ANN ARBOR — Taylor Lewan knew what the experts at ESPN and CBS Sports had to say about his stock as a potential professional football player.
He considered what the NFL Draft Advisory board stated in a letter — that barring any disasters, Lewan would be a first-round draft pick in April.
He defied all of it.
Instead of pursuing the riches and recognition of the National Football League, Lewan chose to return to the Michigan football program for his final season.
“It was a tough decision, when you first look at it in black and white,” the left tackle said Wednesday in a press conference at the Junge Family Champions Center. “But when you really go into detail about it and really think and take the time to sit down and turn your phone off and think to yourself of all the things that are best for you, there was no doubt in my mind that I have to return to the University of Michigan and Team 134 and help lead this team.”
In making his decision to return to Michigan for a final season, Lewan continues a trend among the Wolverines’ offensive linemen — including Jake Long, the No. 1 pick in the NFL draft in 2008 — in returning to the Wolverines instead of leaving early to turn pro.
Not coincidentally, Lewan consulted Long in the process of making the decision as to whether or not to turn pro.
“The one message that Taylor and I talked about and he mentioned to me was, offensive linemen here, they stay,” Michigan coach Brady Hoke said. “There’s been a tradition of that.
“The depth of the linemen that have played here and to be a guy who’s mentioned with those guys, that’s important.”
Lewan, a 6-foot-8, 309-pound redshirt junior, anchored an offensive line that allowed just 18 sacks for 131 yards — third in the Big Ten behind Northwestern (16 sacks allowed) and Indiana (17 sacks allowed). Behind the offensive line, Michigan’s backs had 502 carries for 2,389 yards rushing, including quarterback Denard Robinson, who led the Wolverines with 1,266 yards on 177 carries.
Had Lewan opted to leave, Michigan’s coaching staff would have had to fashion a new-look - and relatively inexperienced — offensive line. The Wolverines lost center Elliott Mealer and guards Patrick Omameh and Ricky Barnum to graduation.
“The maturity that he has shown is something he can bring to some of those young guys, when you look at how fast they will have to mature,” Hoke said. “When you’ve lived it and you’ve been through it, I think it’s a little easier.”
Lewan regarded Michigan’s 33-28 loss to South Carolina on Jan. 1 in the Outback Bowl as a dress rehearsal for the NFL.
“With the game that I played, individually, I think that I played one of my best games,” Lewan said. “Of my career. And I really proved to myself that I could go to the NFL and be successful and do the things that I want to do.
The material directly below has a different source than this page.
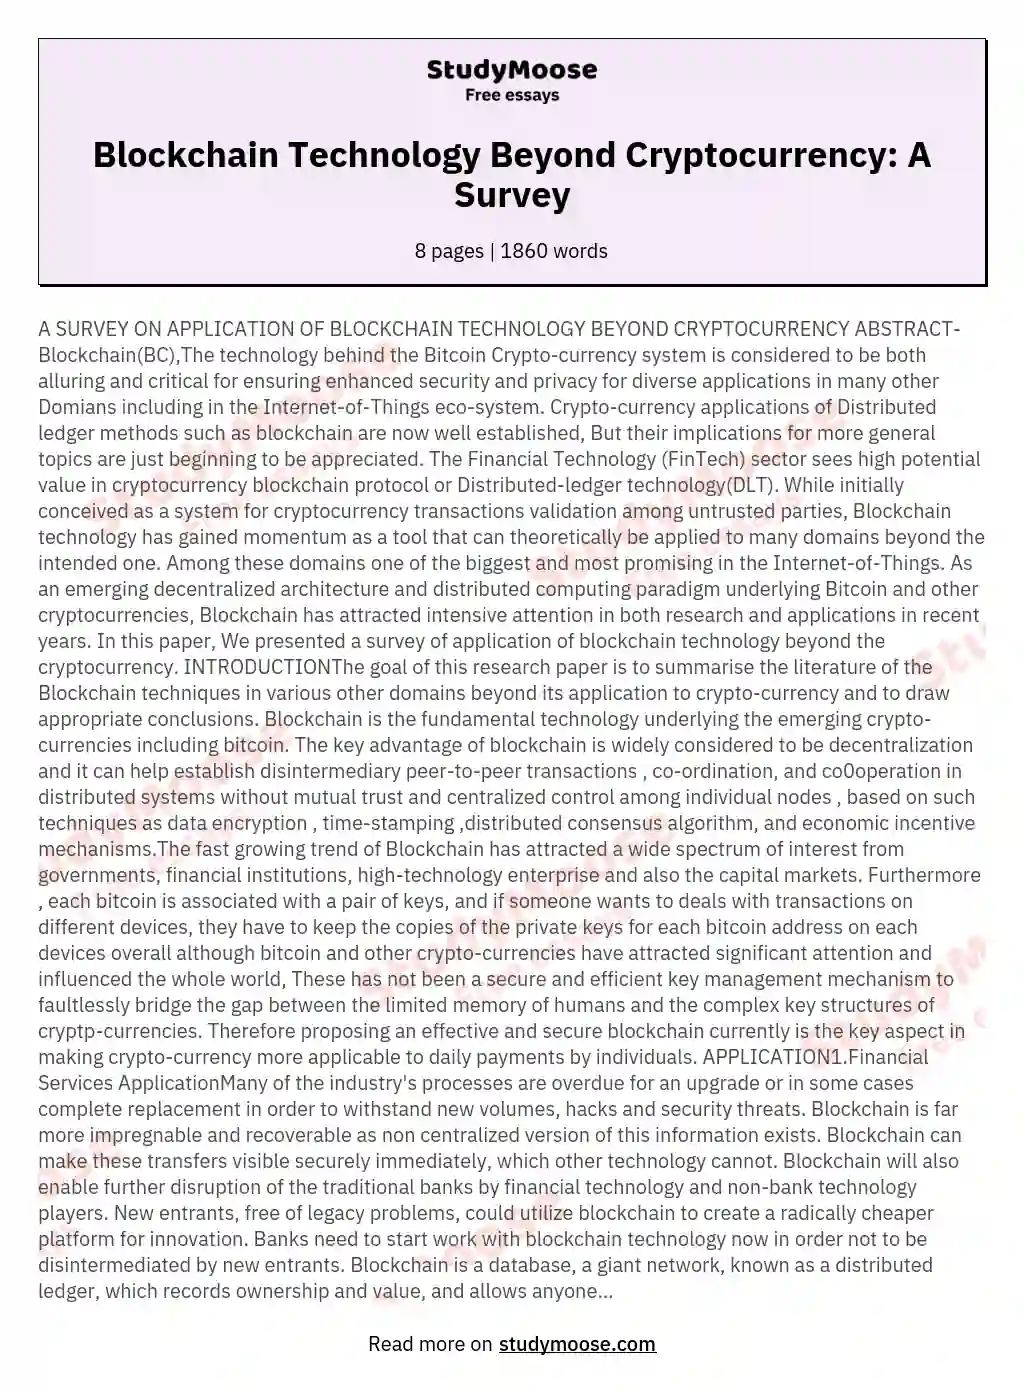 A SURVEY ON APPLICATION OF BLOCKCHAIN TECHNOLOGY BEYOND CRYPTOCURRENCY ABSTRACT BlockchainBCThe technology

“After playing in that bowl game, there were a lot of questions that came up about everything. How well I played, and stuff like that. But it really was a no-brainer at the end.”
Furthermore, Lewan disclosed how the NFL Draft Advisory Board assessed him in regards to the April draft, something he was unwilling to do in Florida prior to the Outback Bowl.
“The draft board came back and said I’d be a high first-round draft pick,” Lewan said.
In December, ESPN analyst Mel Kiper Jr. also projected Lewan as a first-round draft pick and as the No. 2 offensive lineman to be taken in April’s draft, behind Texas A&M’s Luke Joeckel, who declared for the NFL Draft on Tuesday.
Web sites CBSSports.com and NFLDraftScout.com projected Lewan going as high as No. 7 in the draft, with Joeckel projected as a No. 1 pick.
Yet a day after Joeckel announced his intention to turn pro, Lewan said otherwise.
“When you say ‘NFL’ and ‘first round,’ that sounds amazing,” Lewan said. “But [a reporter] asked me, ‘what’s the reason why you would stay?’ And I asked her, ‘Have you ever played at the University of Michigan?’
“She said, ‘no.’ If you play at the University of Michigan, whether it’s basketball or hockey or football, there’s a tradition here. There’s something that you want to be a part of. If I do what I want to do, then I’ll be able to play in the NFL for however long. But you only get one more year of college.”